• [DATA SECTION]:
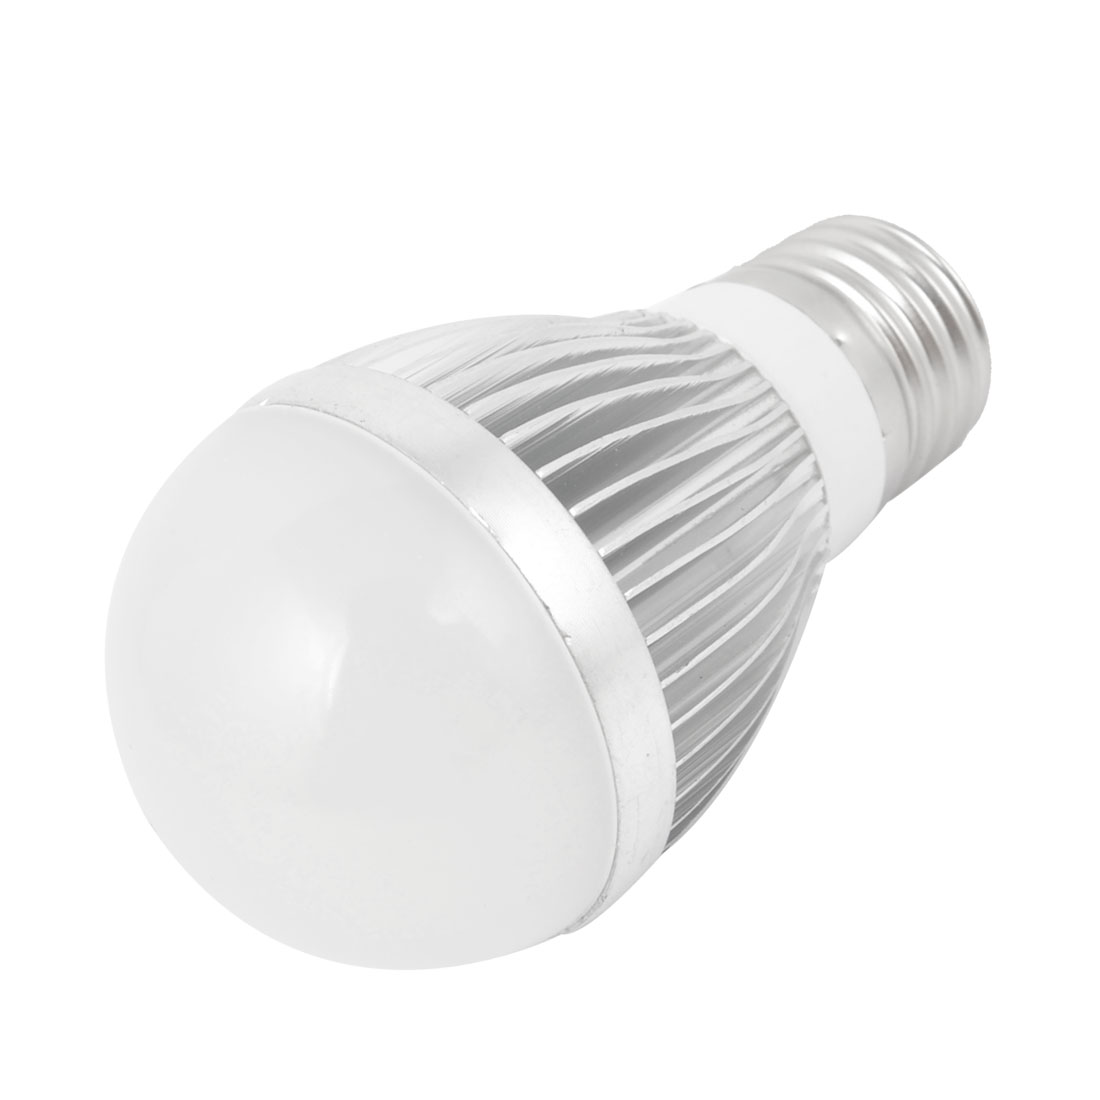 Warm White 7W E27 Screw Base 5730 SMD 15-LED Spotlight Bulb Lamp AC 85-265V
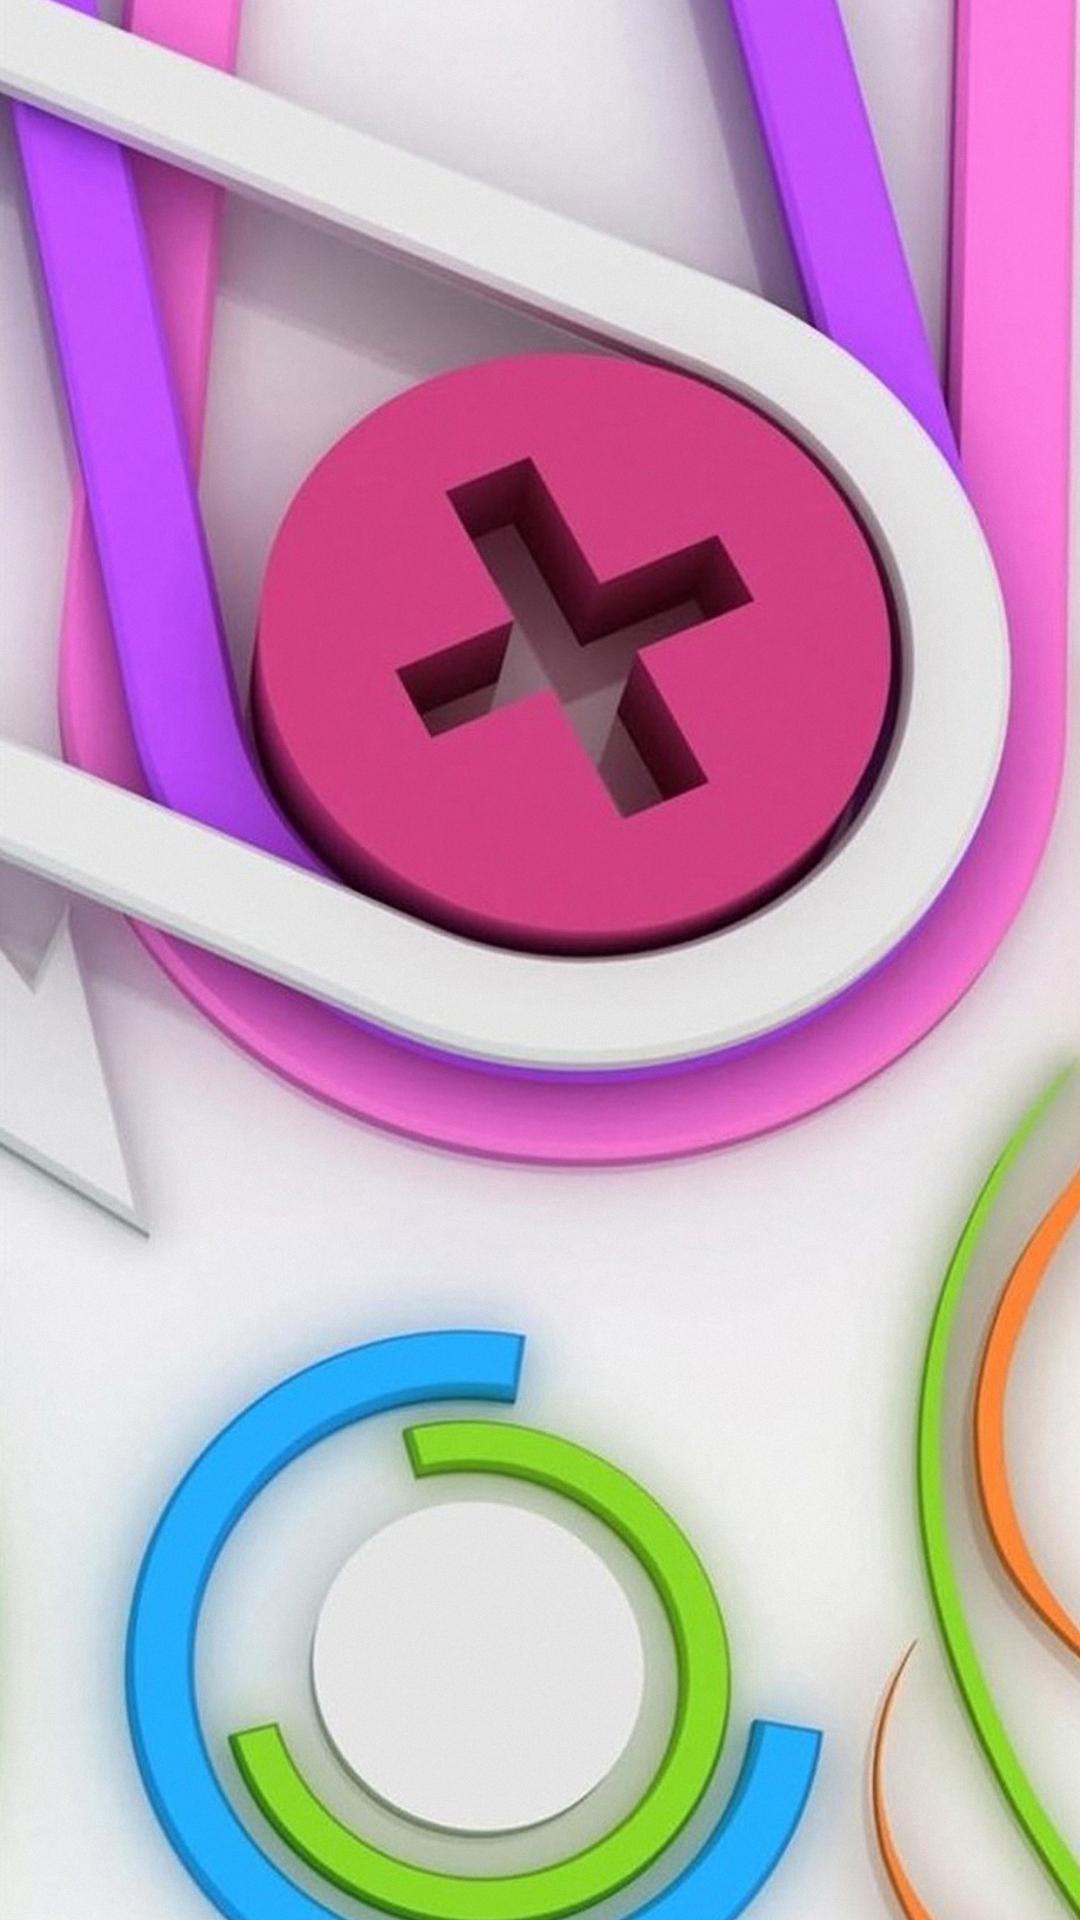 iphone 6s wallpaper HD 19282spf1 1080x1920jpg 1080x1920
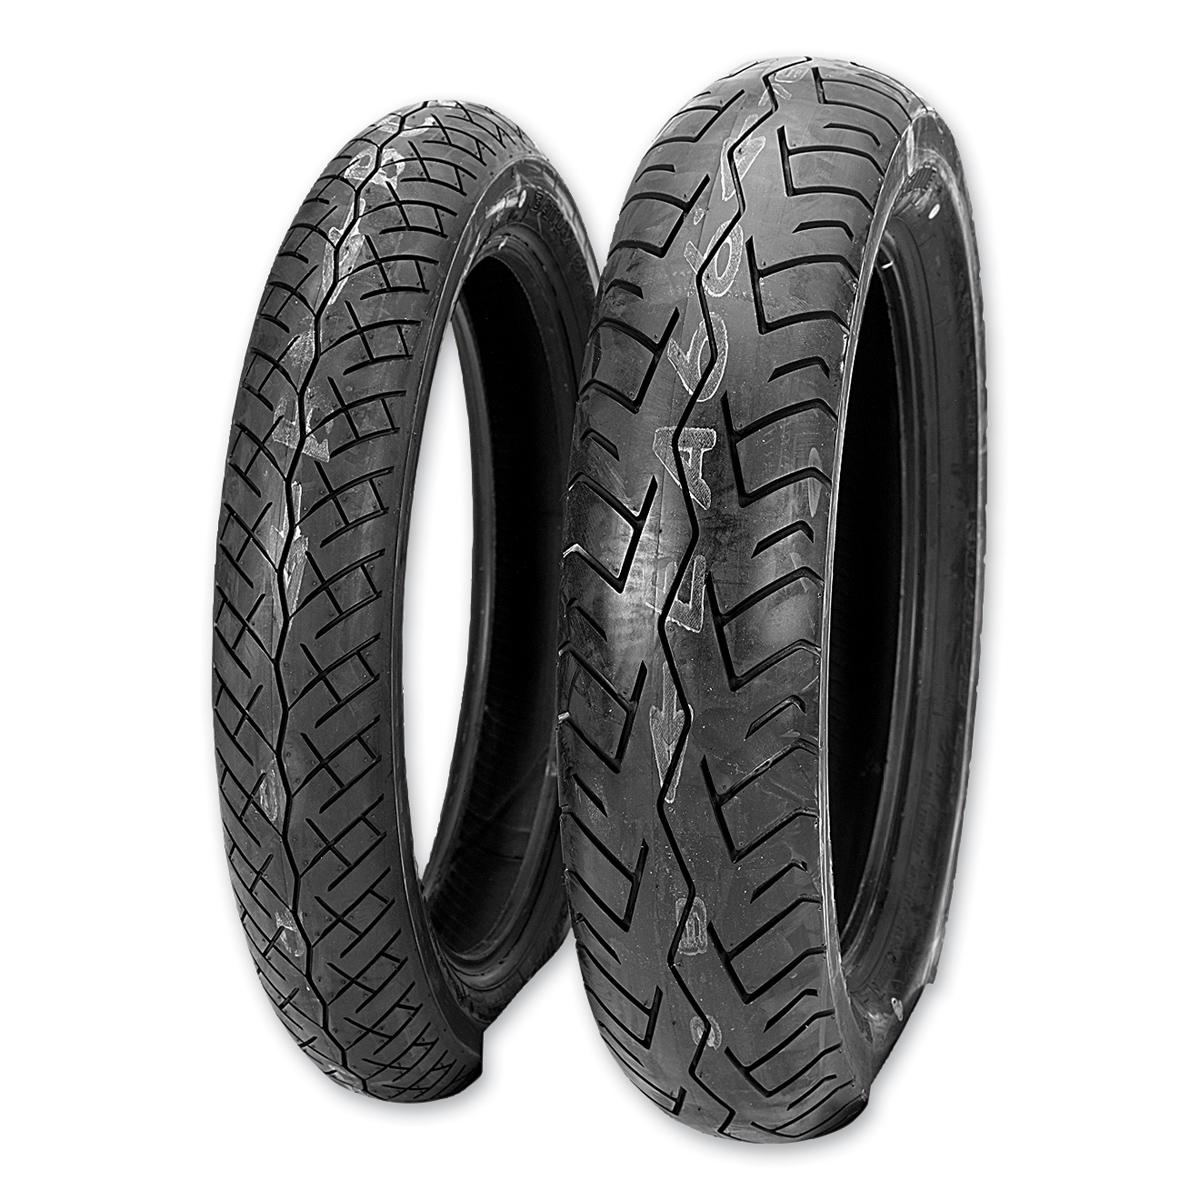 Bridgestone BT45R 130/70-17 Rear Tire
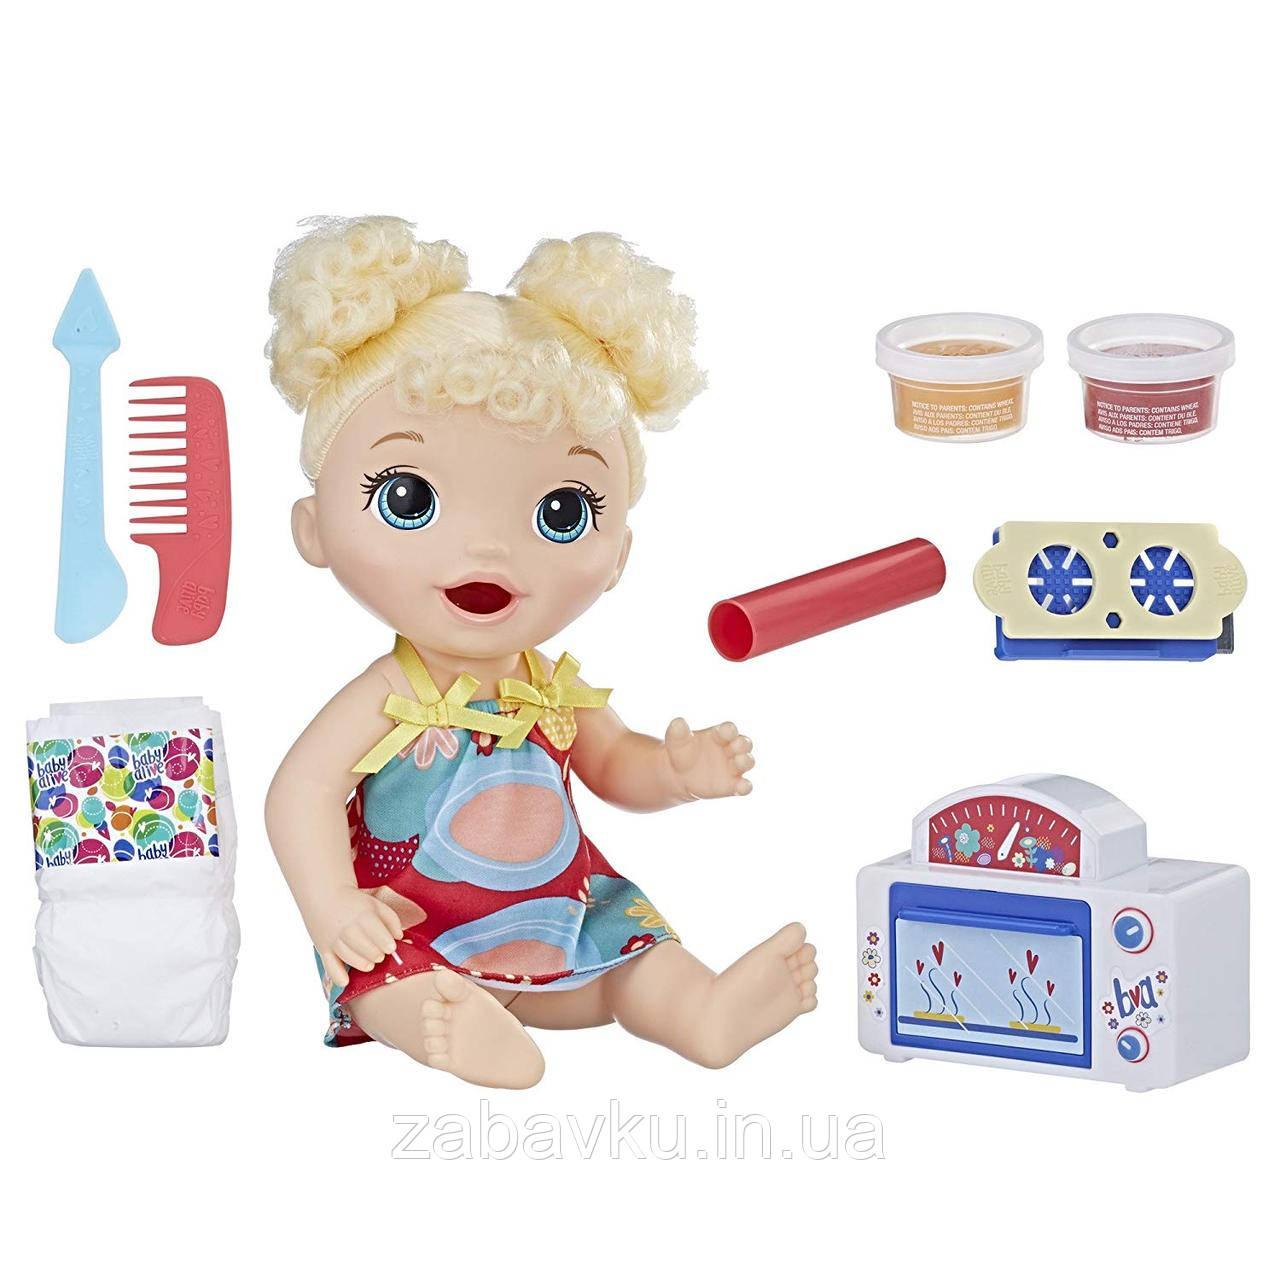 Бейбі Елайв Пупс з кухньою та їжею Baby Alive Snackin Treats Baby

• [EXERCISE GOAL]:
The material above is to be transcribed exactly, with its images omitted.

• [YOUR SOLUTION]:
 Warm White 7W E27 Screw Base 5730 SMD 15-LED Spotlight Bulb Lamp AC 85-265V
 iphone 6s wallpaper HD 19282spf1 1080x1920jpg 1080x1920
 Bridgestone BT45R 130/70-17 Rear Tire
 Бейбі Елайв Пупс з кухньою та їжею Baby Alive Snackin Treats Baby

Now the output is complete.